Хорошенькая перспектива! Меня охватили противоречивые чувства: с одной стороны, наконец-то я вырвусь из этого каземата, где мне осточертело каждое пятнышко на стене! С другой стороны, это значит, что меня высылают из Пекина, разлучают с дочерьми. Что меня ждет в глухой провинции, где нет ни единой знакомой мне души? На что я буду жить, как будет обставлен мой быт – тоже неизвестно. И мне вдруг стало даже жалко оставлять мою камеру, хоть и опостылевшую, но с уже сложившимся, устоявшимся укладом жизни.

Но через мгновение радость ожидающей меня свободы развеяла все эти опасения – будь что будет, все лучше, чем эти ненавистные стены!

Получив сигнал, что разговор окончен, я с непривычной резвостью вскочила с бочонка и отправилась собирать вещи.

Их, конечно, было не бог весть сколько. Обременяли только кулечки и пакетики с продуктами, принесенные дочерьми. За четыре дня, прошедших с нашего первого и последнего свидания, я не успела все съесть, да и, признаться, не торопилась – растягивала удовольствие, смаковала. Иногда страж, подсматривавший в глазок, кричал из коридора:

– Ты что там жуешь?

На что я не без гордости отвечала:

– Мне разрешено – дети принесли передачу.

Такой ответ удовлетворял солдатика. Теперь во время сборов меня занимал один вопрос: «В чем же я поеду? Уж не в этом ли одеянии черного ворона?»

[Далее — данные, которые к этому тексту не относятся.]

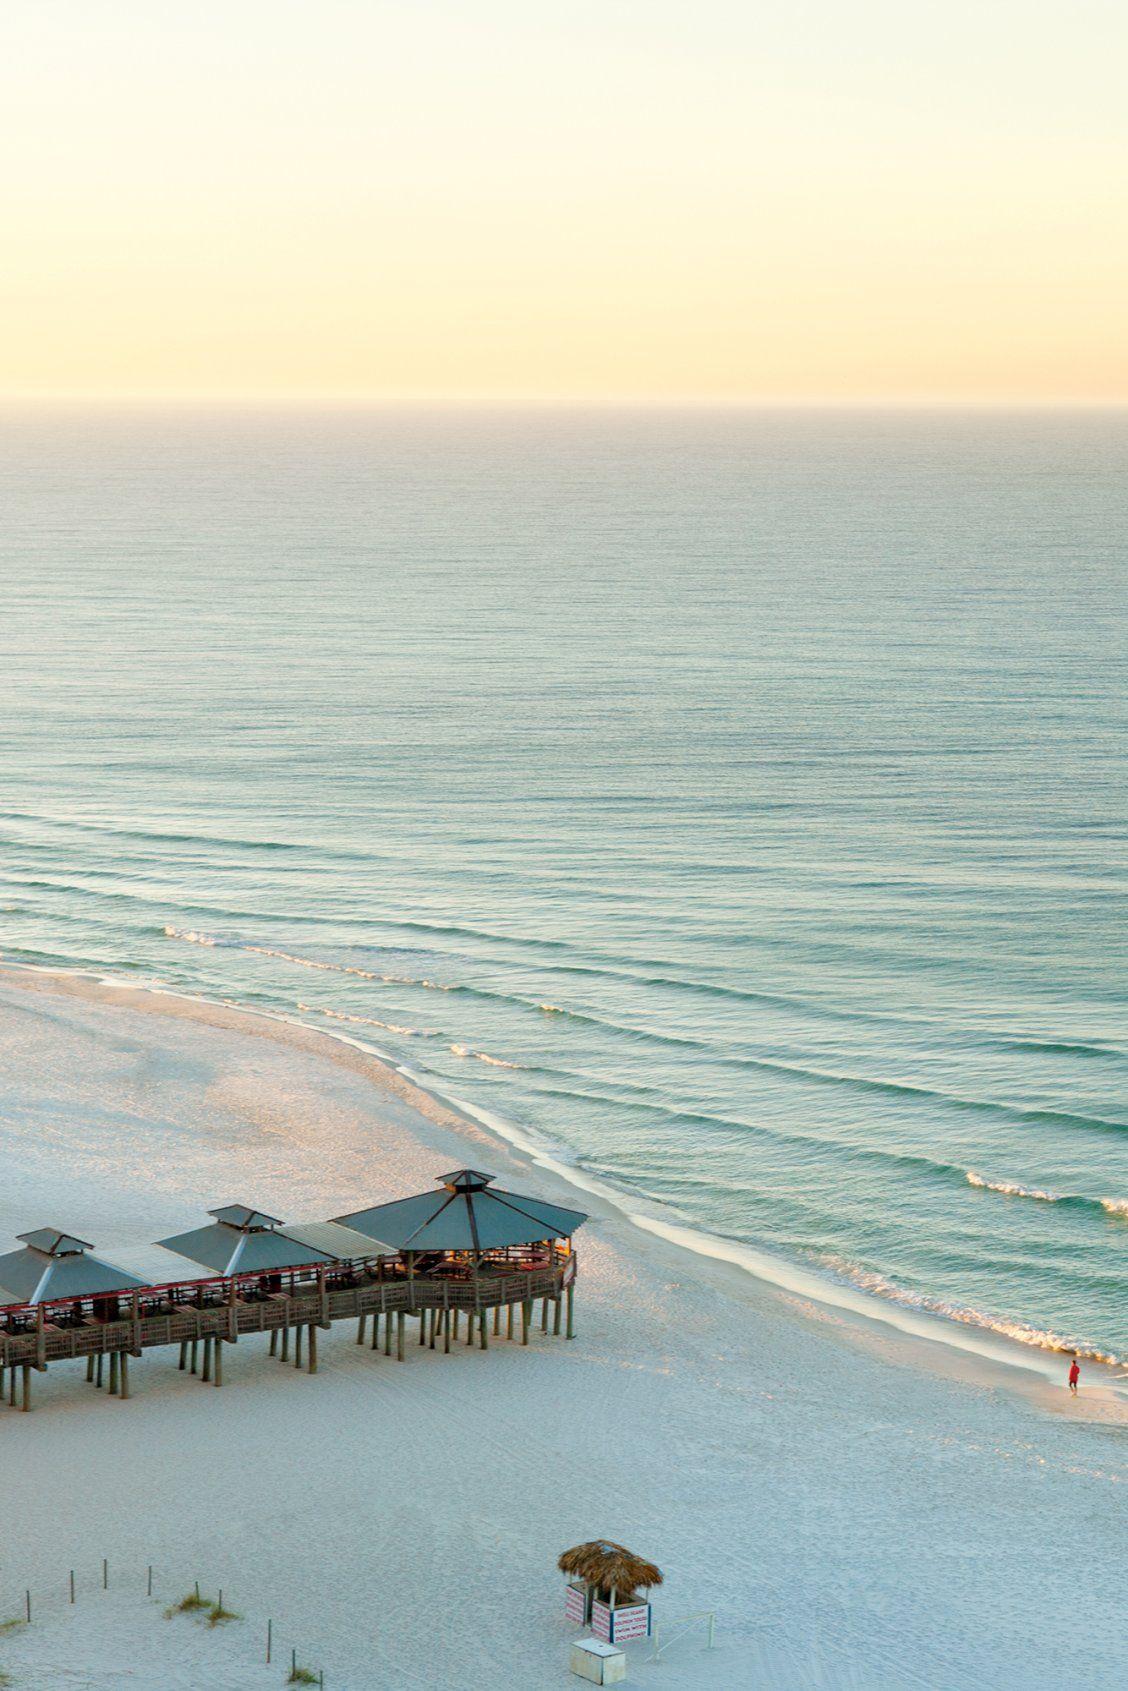 Panama City Beach, Florida has some of the best beach bars. #pcb #florida #beaches #bars

К счастью, это было не так – мне выдали новый комплект одежды: шерстяные брюки, приличную блузку и жакет из синтетической ткани принятого тогда прямого кроя. Я попросила дать и новую обувь – старая уже износилась до неприличия, и мне принесли матерчатые китайские тапочки с парой носков.

Когда я сбросила опостылевшую тюремную одежду, то испытала огромное удовольствие, почувствовав себя не зечкой, а женщиной, и, как показалось мне, даже элегантно одетой. Удивило, что все пришлось мне впору. Как позже выяснилось, все это было куплено на мои же деньги – 200 юаней, конфискованные при аресте.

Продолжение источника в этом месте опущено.